_Data below_.
━━━━━━━━
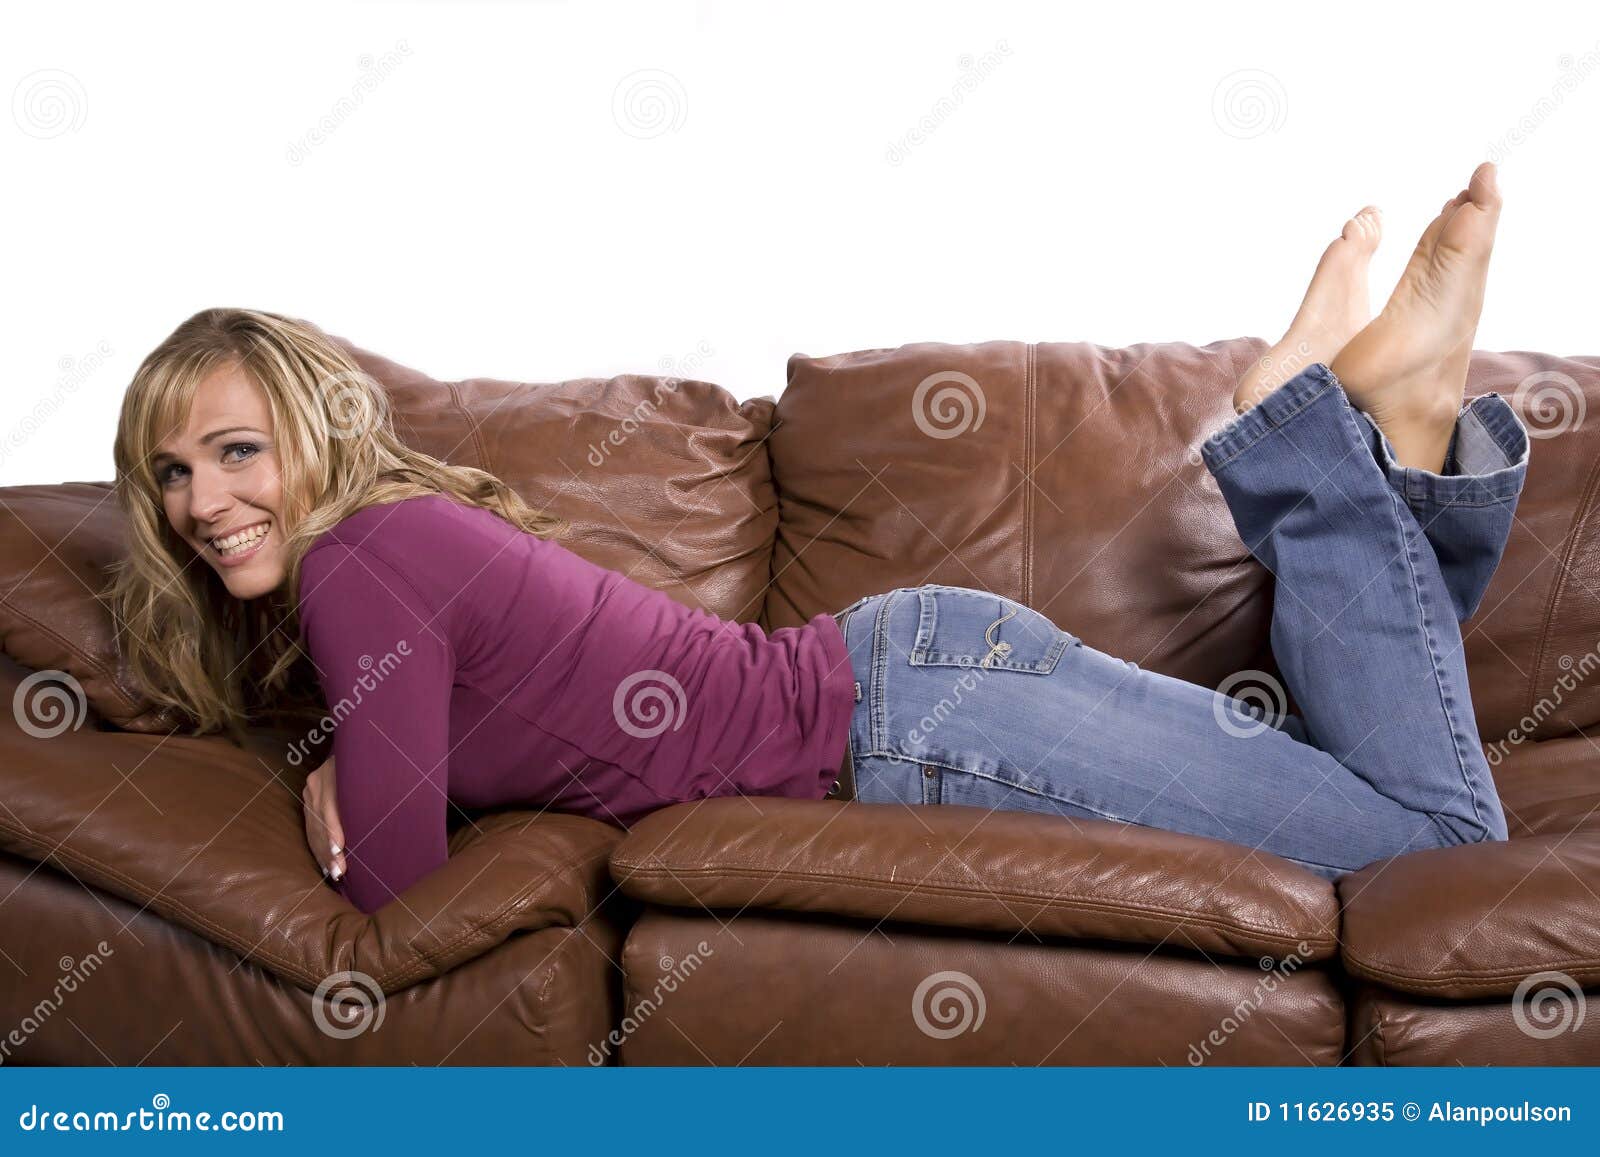 Frau Auf Couchfüßen Oben Stockbild Bild Von Couchfüßen 11626935 
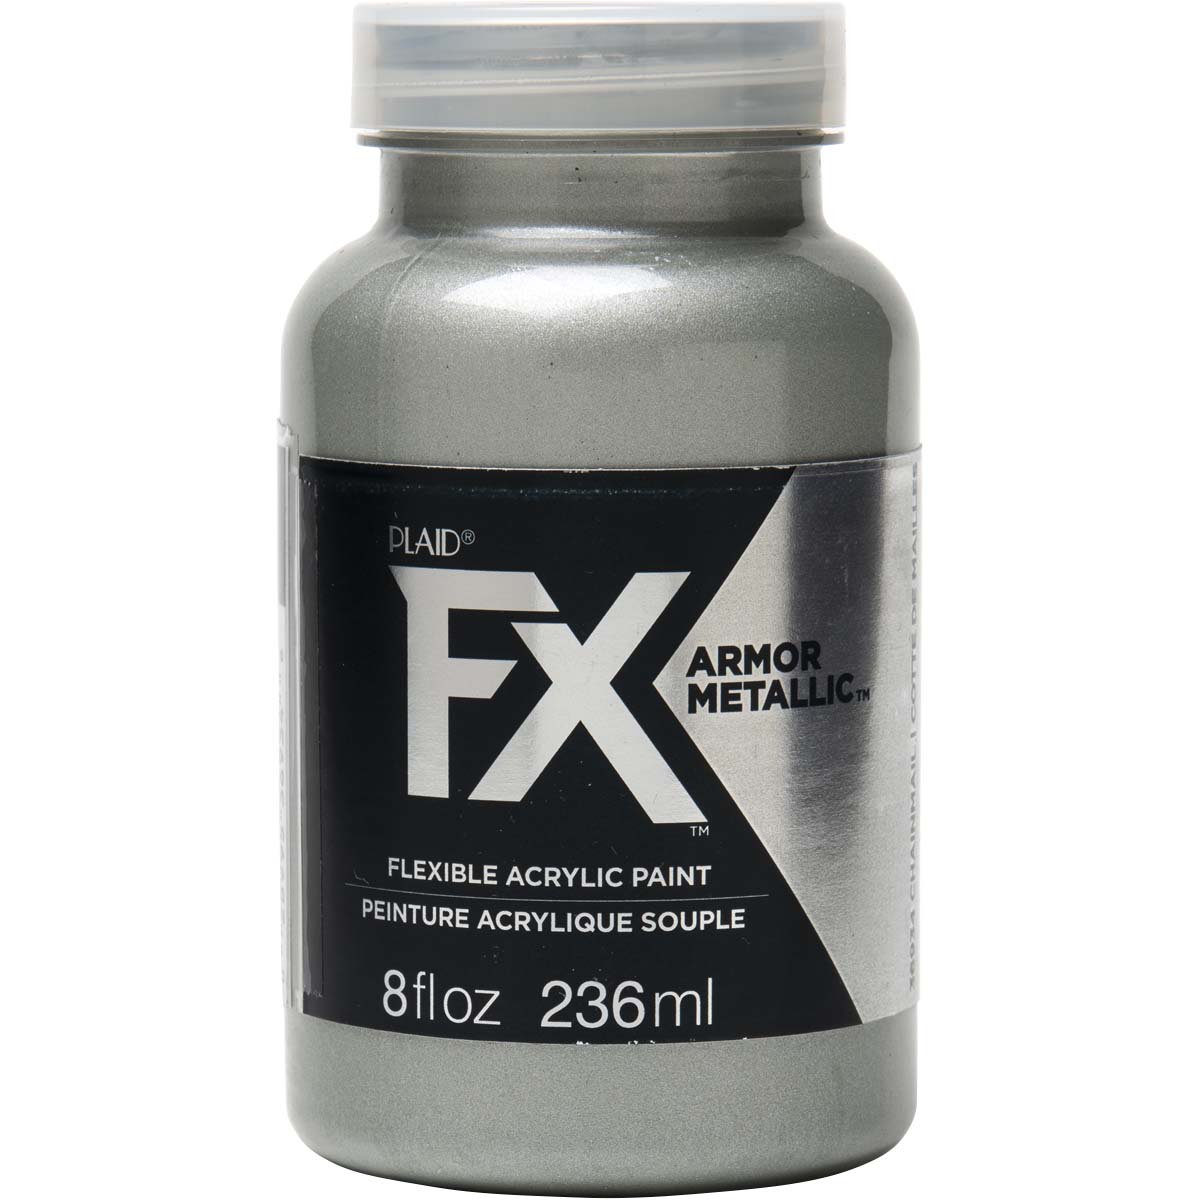 PlaidFX Armour Metal Flexible Acrylic Paint - Chainmail, 8 oz. - 36934
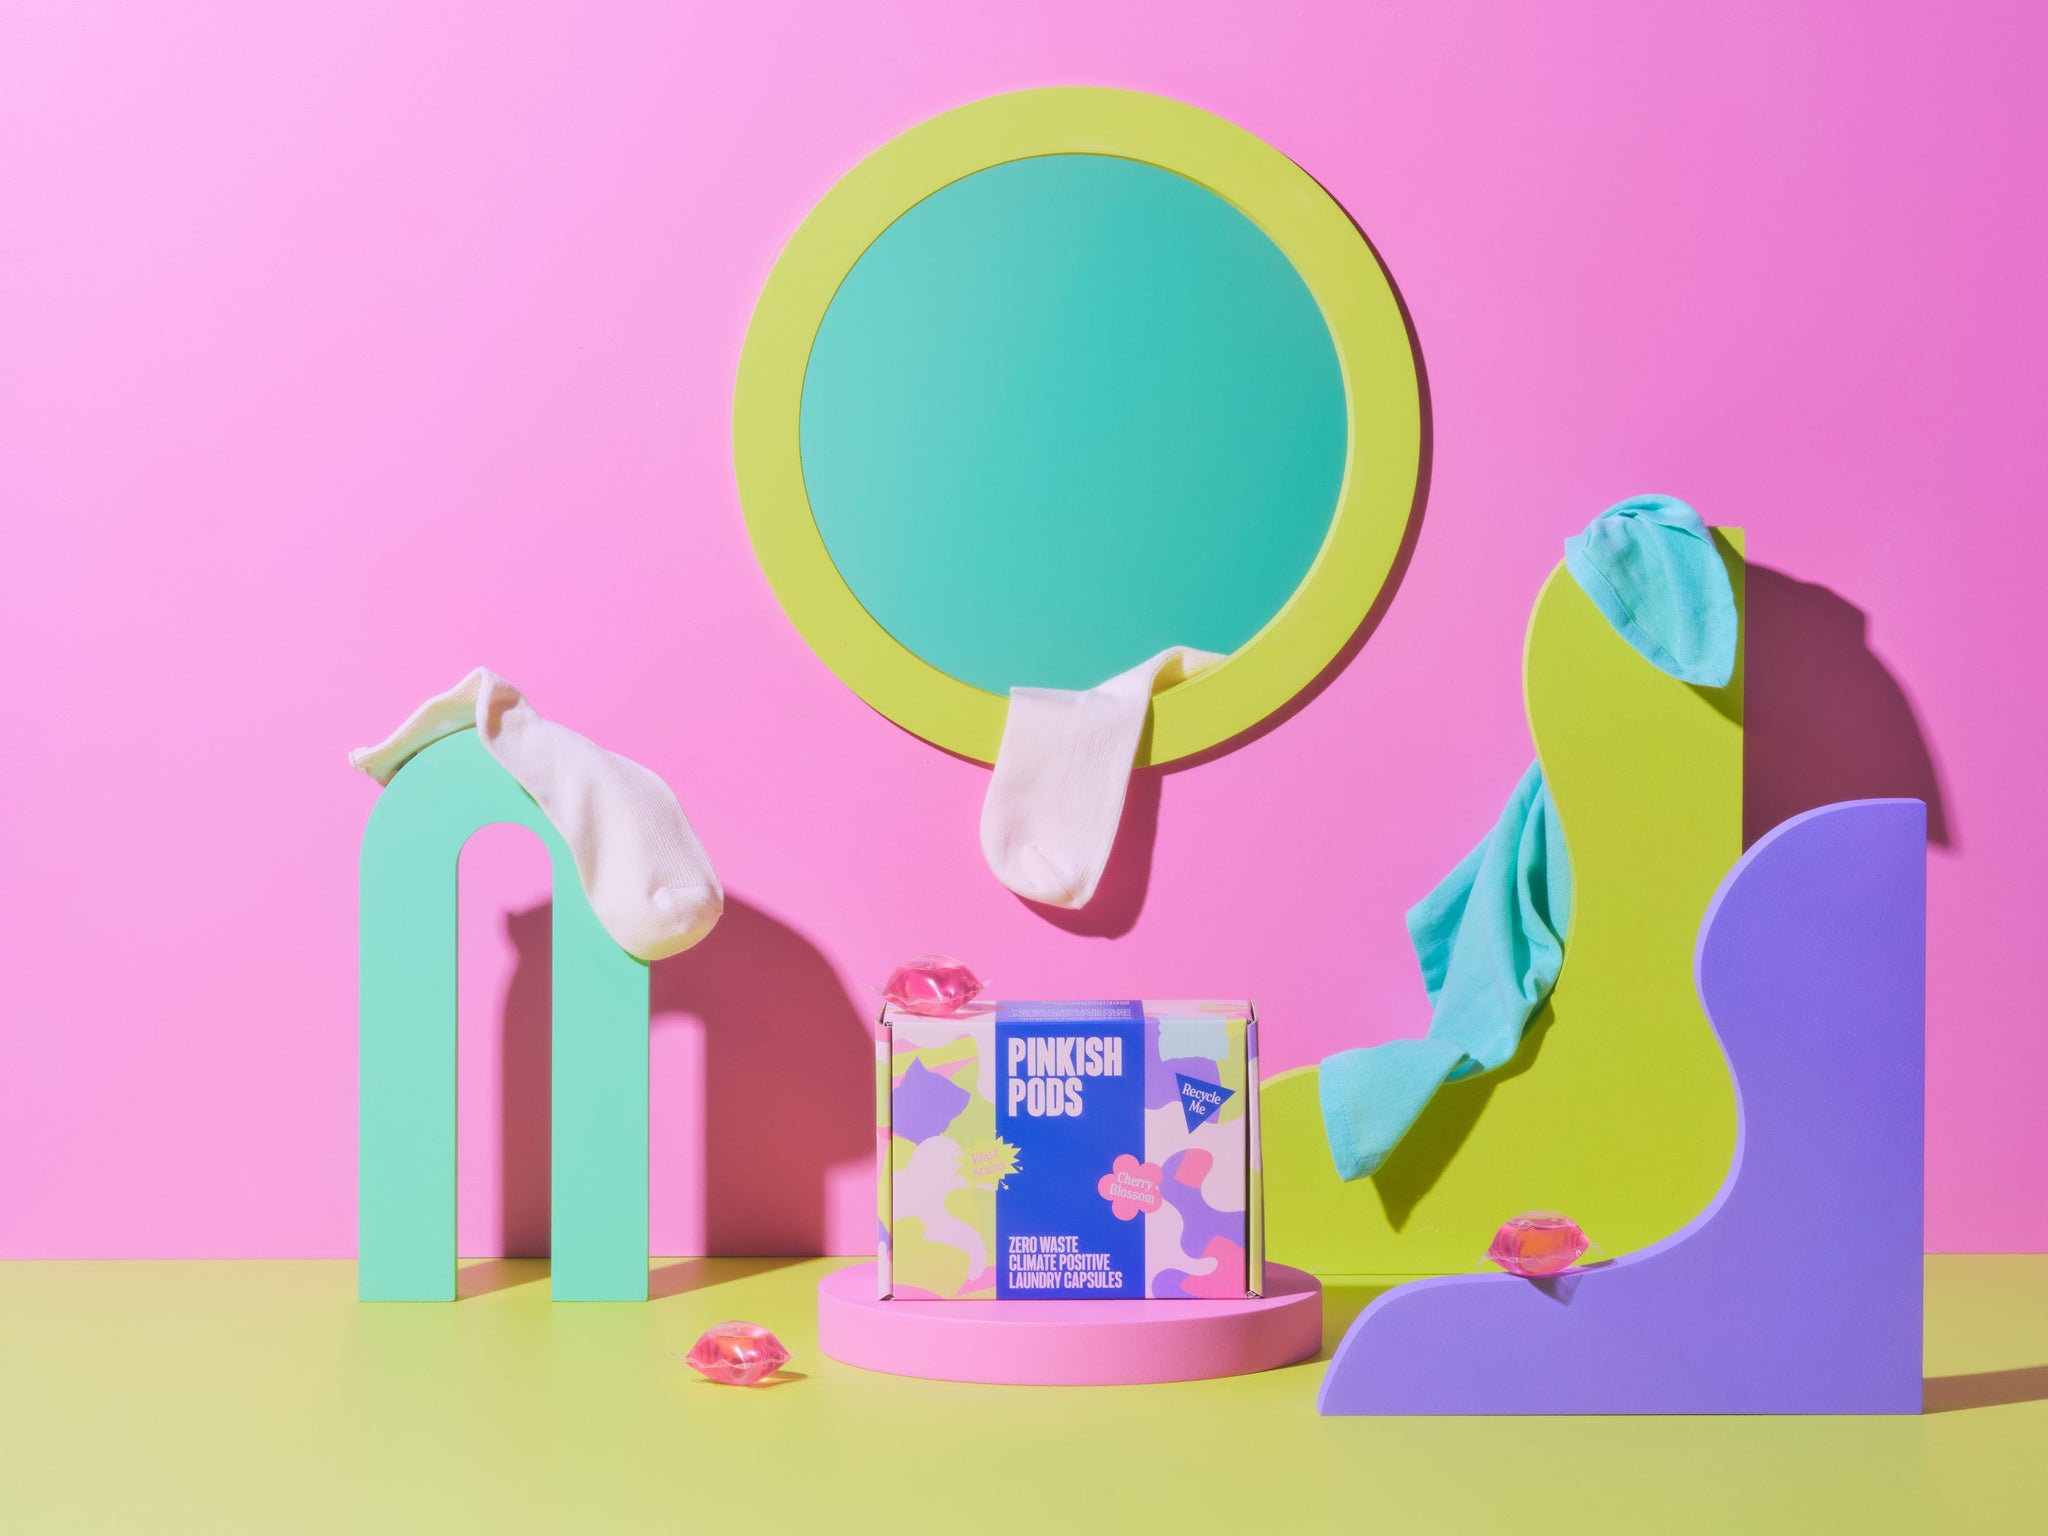 Pink Small Laundry Powder Storage Bin – UrbanPinkCollective
━━━━━━━━
Your output should consist solely of the lines from the line containing "PlaidFX Armour Metal" through the end of the data above, copied exactly, with images removed.

_Reply_.
 PlaidFX Armour Metal Flexible Acrylic Paint - Chainmail, 8 oz. - 36934
 Pink Small Laundry Powder Storage Bin – UrbanPinkCollective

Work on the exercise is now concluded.